*** Opening of Data block ***
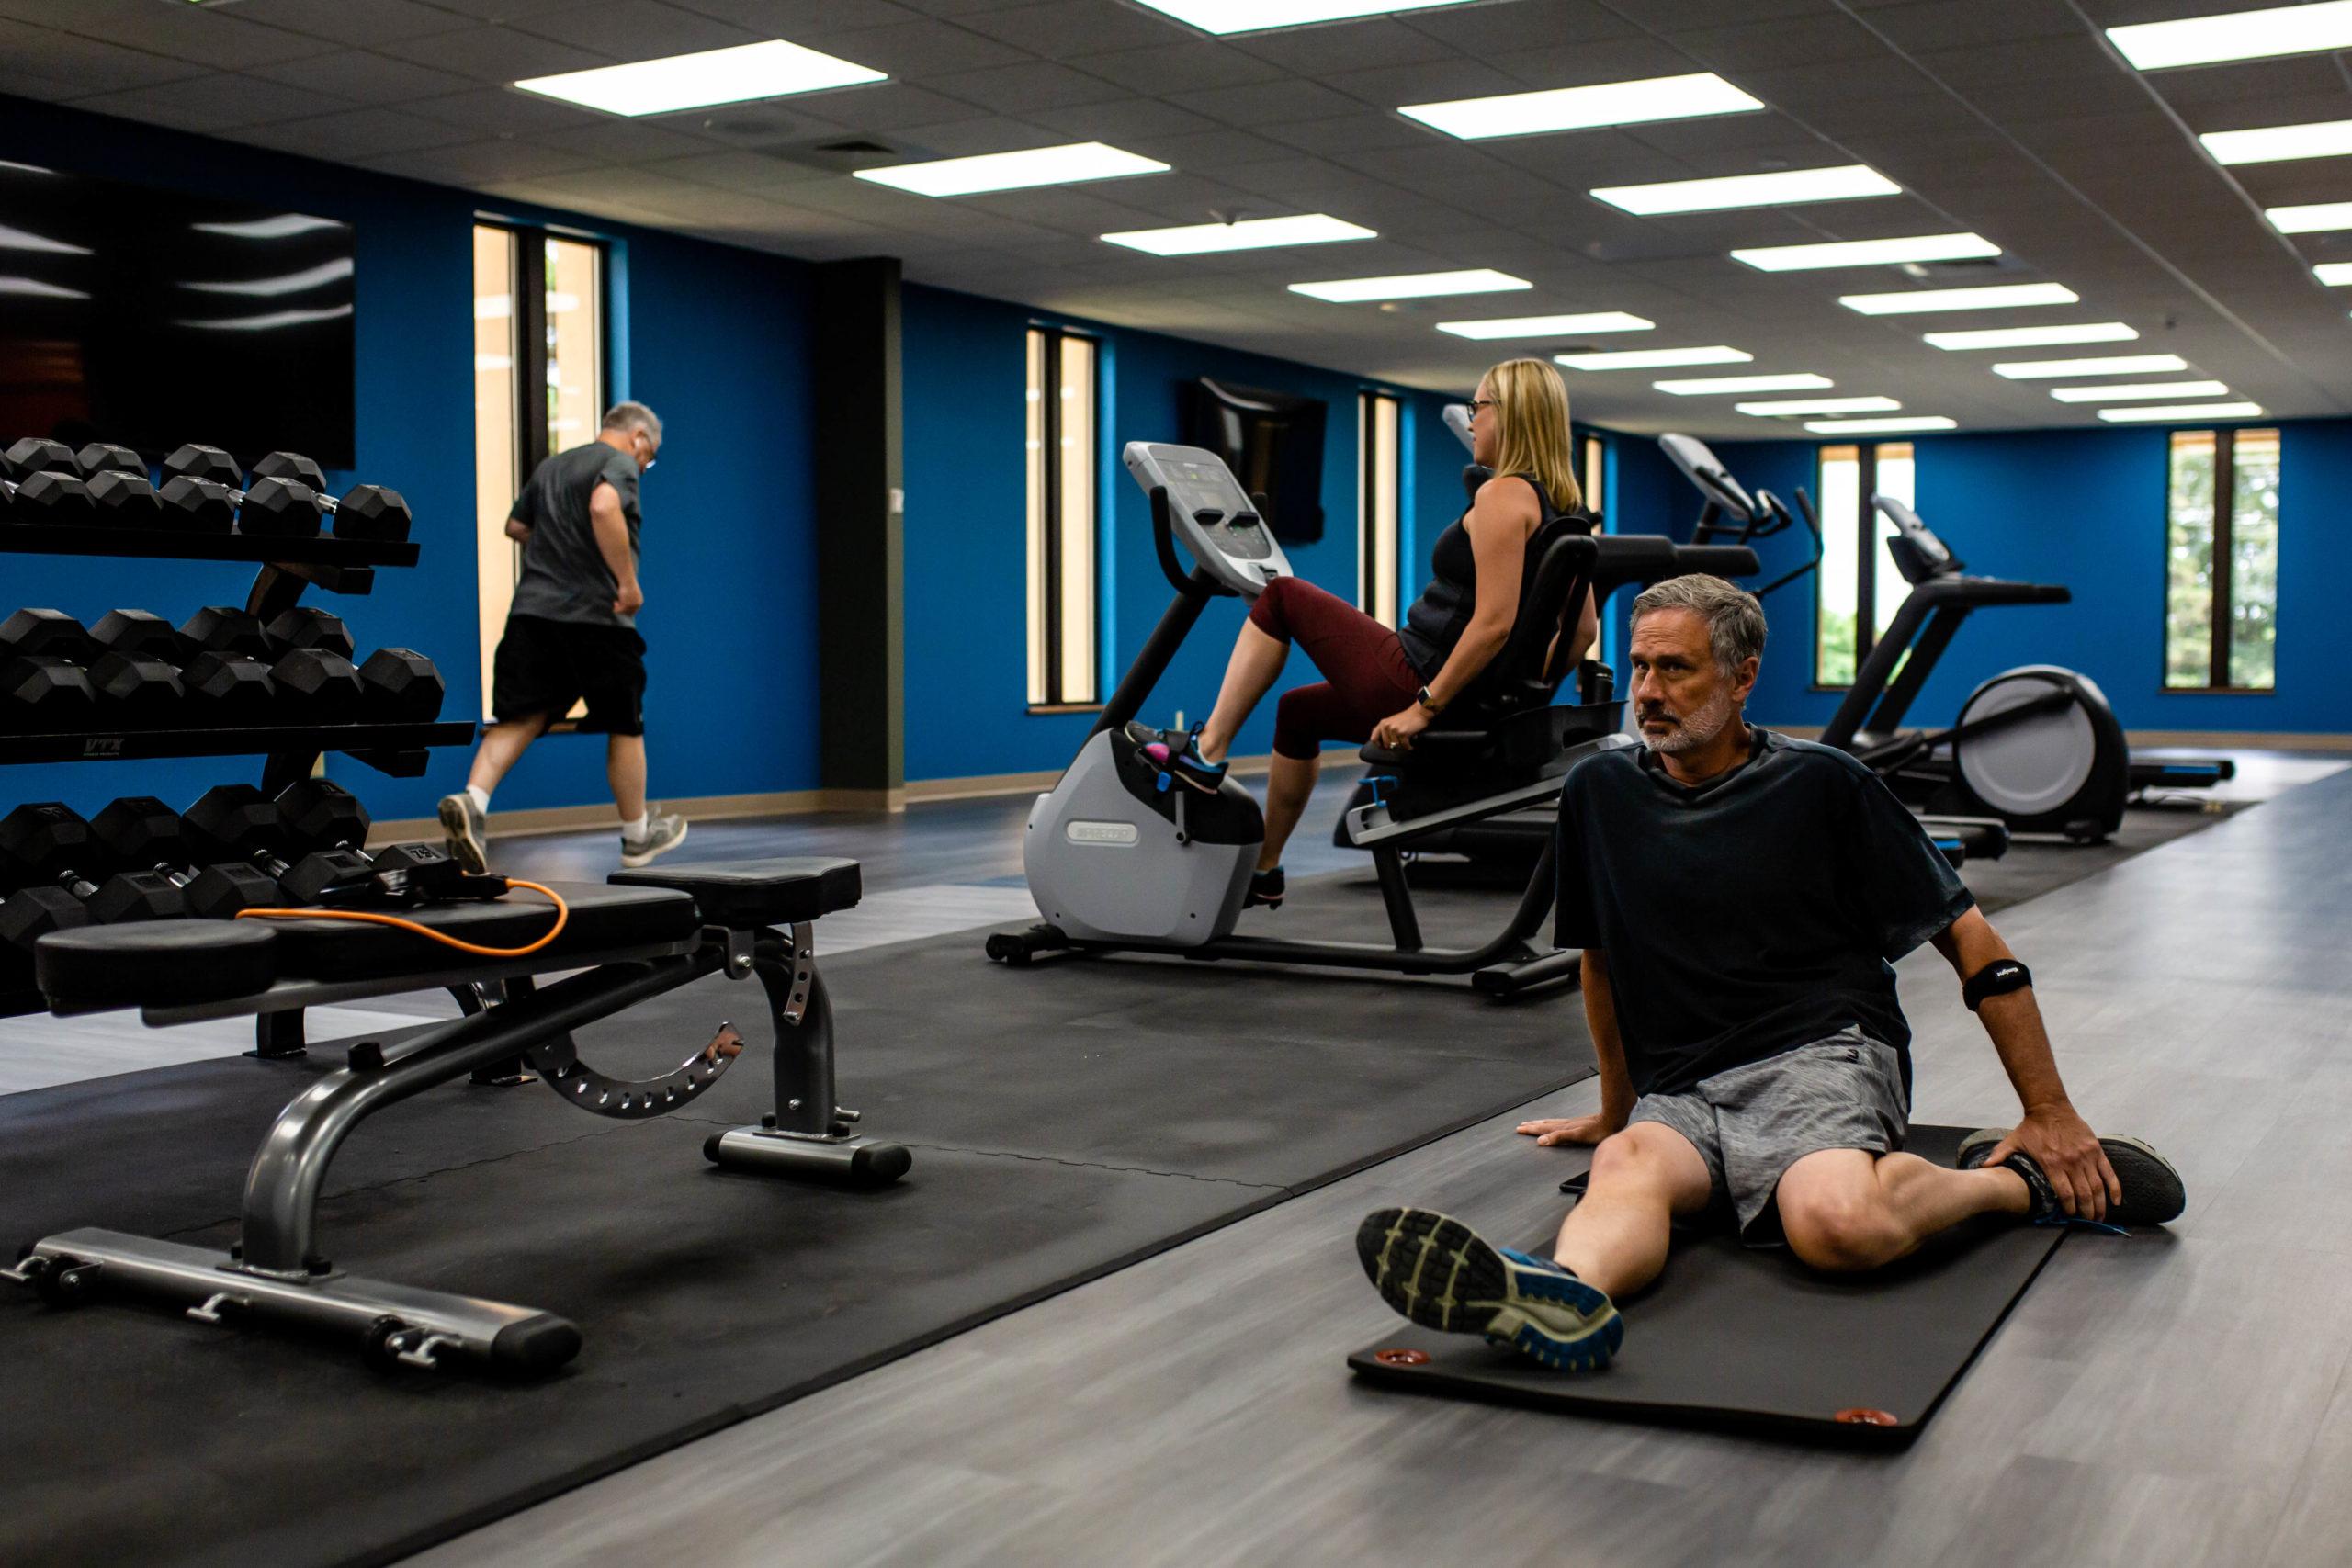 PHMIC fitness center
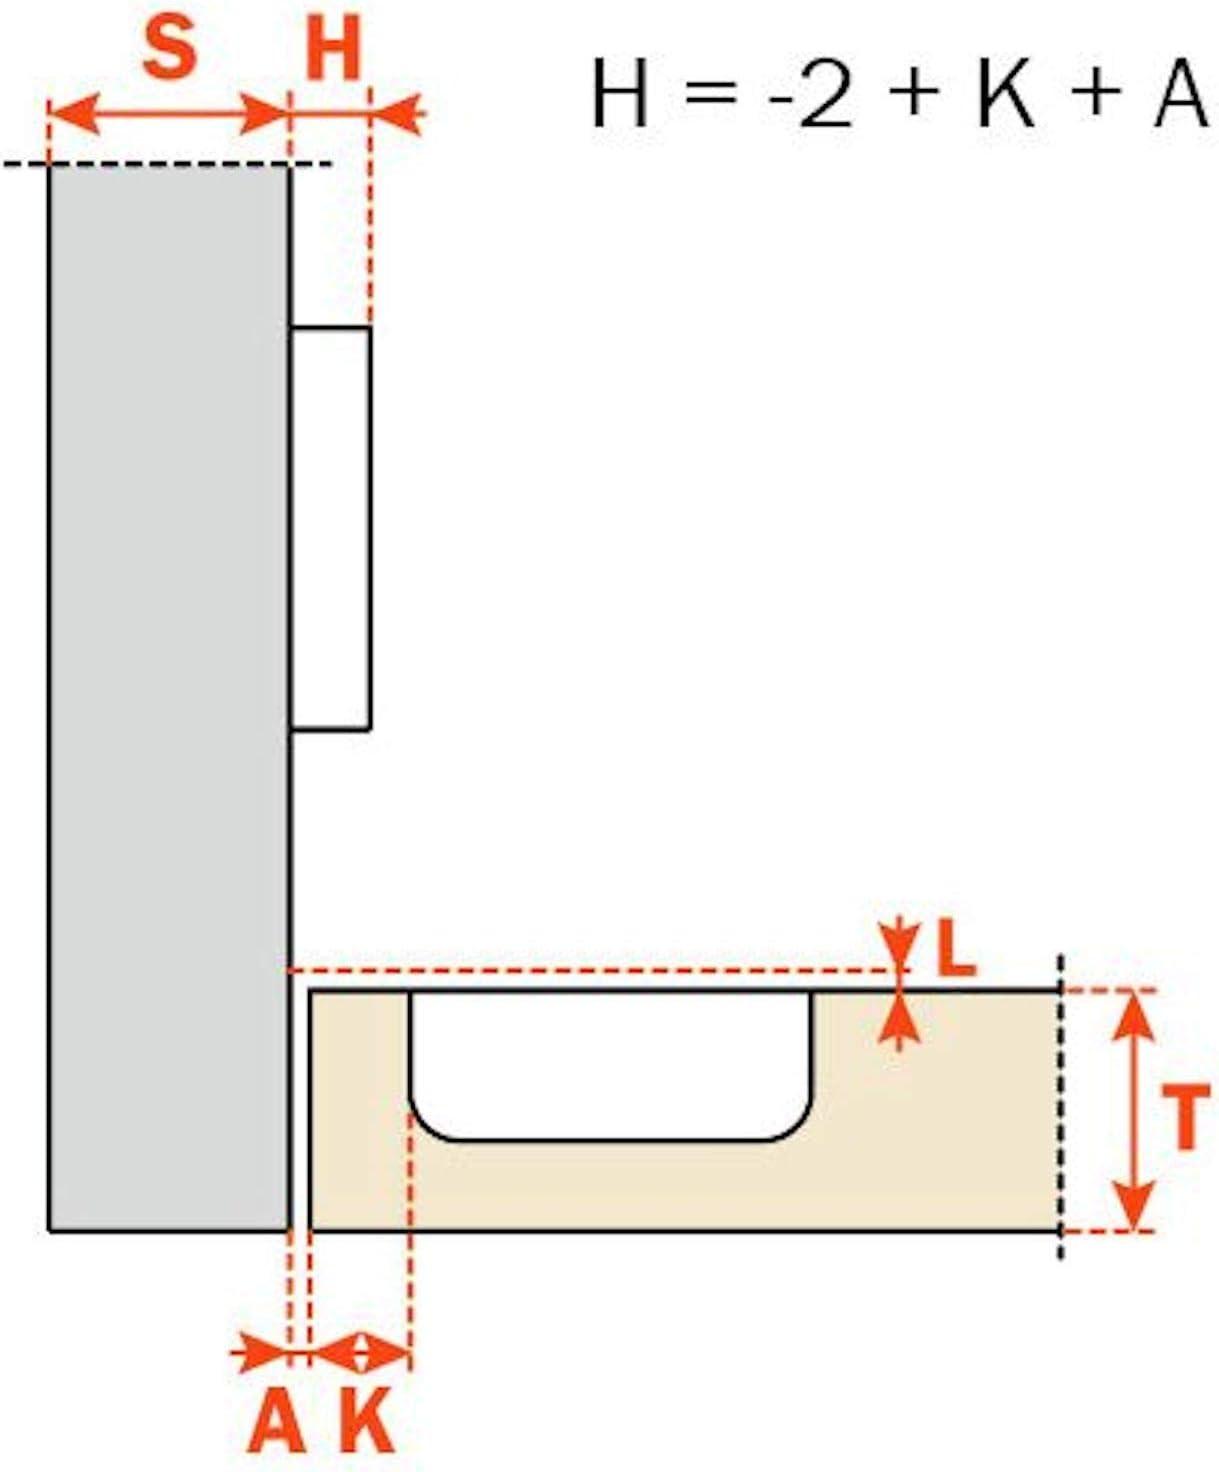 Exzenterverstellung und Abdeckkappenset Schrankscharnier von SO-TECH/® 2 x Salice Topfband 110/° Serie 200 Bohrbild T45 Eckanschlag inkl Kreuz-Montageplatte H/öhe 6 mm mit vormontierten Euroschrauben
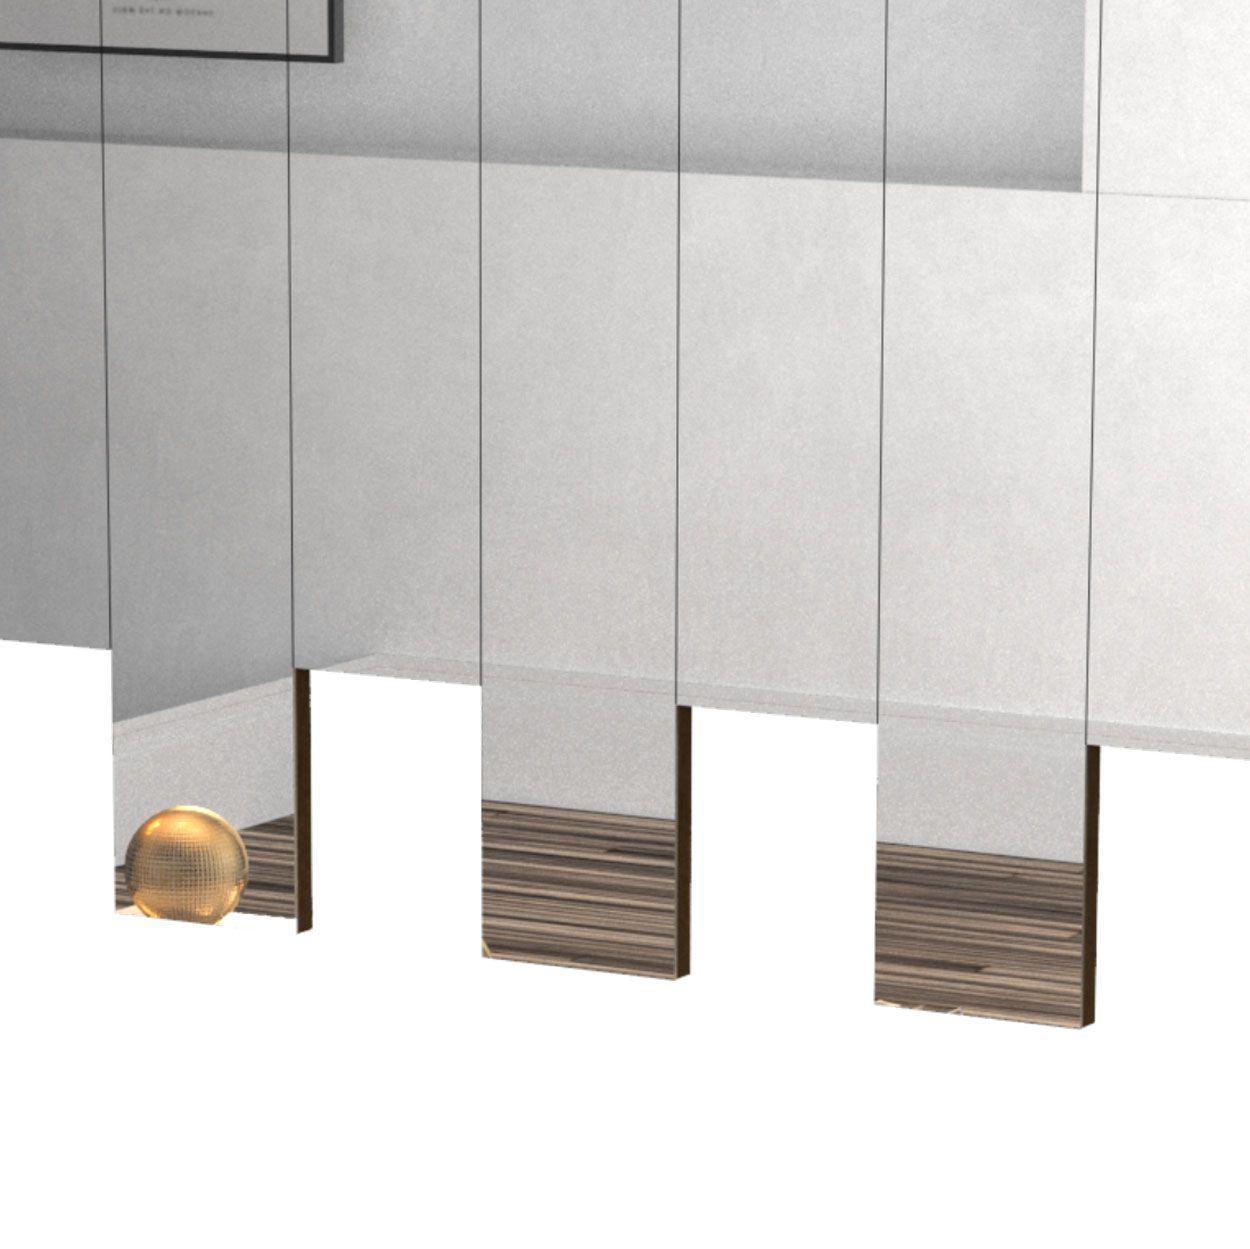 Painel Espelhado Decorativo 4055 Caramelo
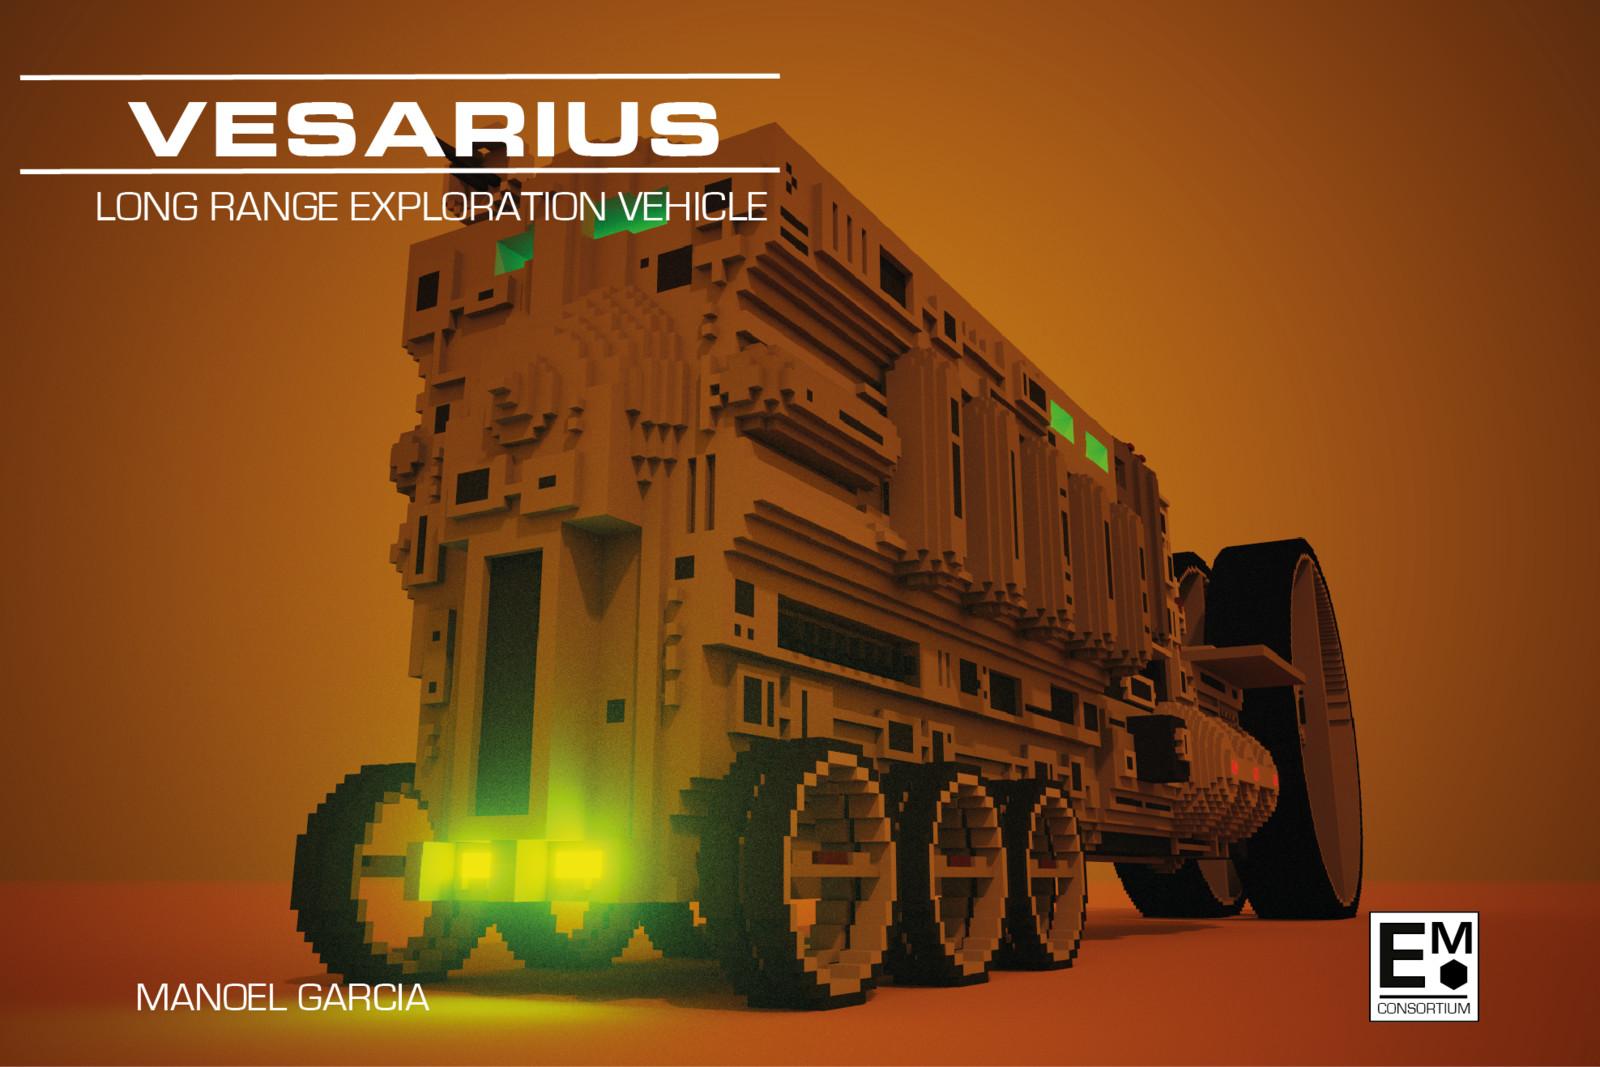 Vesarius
*** Close of Data block ***
All that is needed is the lines from the line holding "Exzenterverstellung und Abdeckkappenset" to the final line of the listing above, repeated exactly, pictures excluded.

 Exzenterverstellung und Abdeckkappenset Schrankscharnier von SO-TECH/® 2 x Salice Topfband 110/° Serie 200 Bohrbild T45 Eckanschlag inkl Kreuz-Montageplatte H/öhe 6 mm mit vormontierten Euroschrauben
 Painel Espelhado Decorativo 4055 Caramelo
 Vesarius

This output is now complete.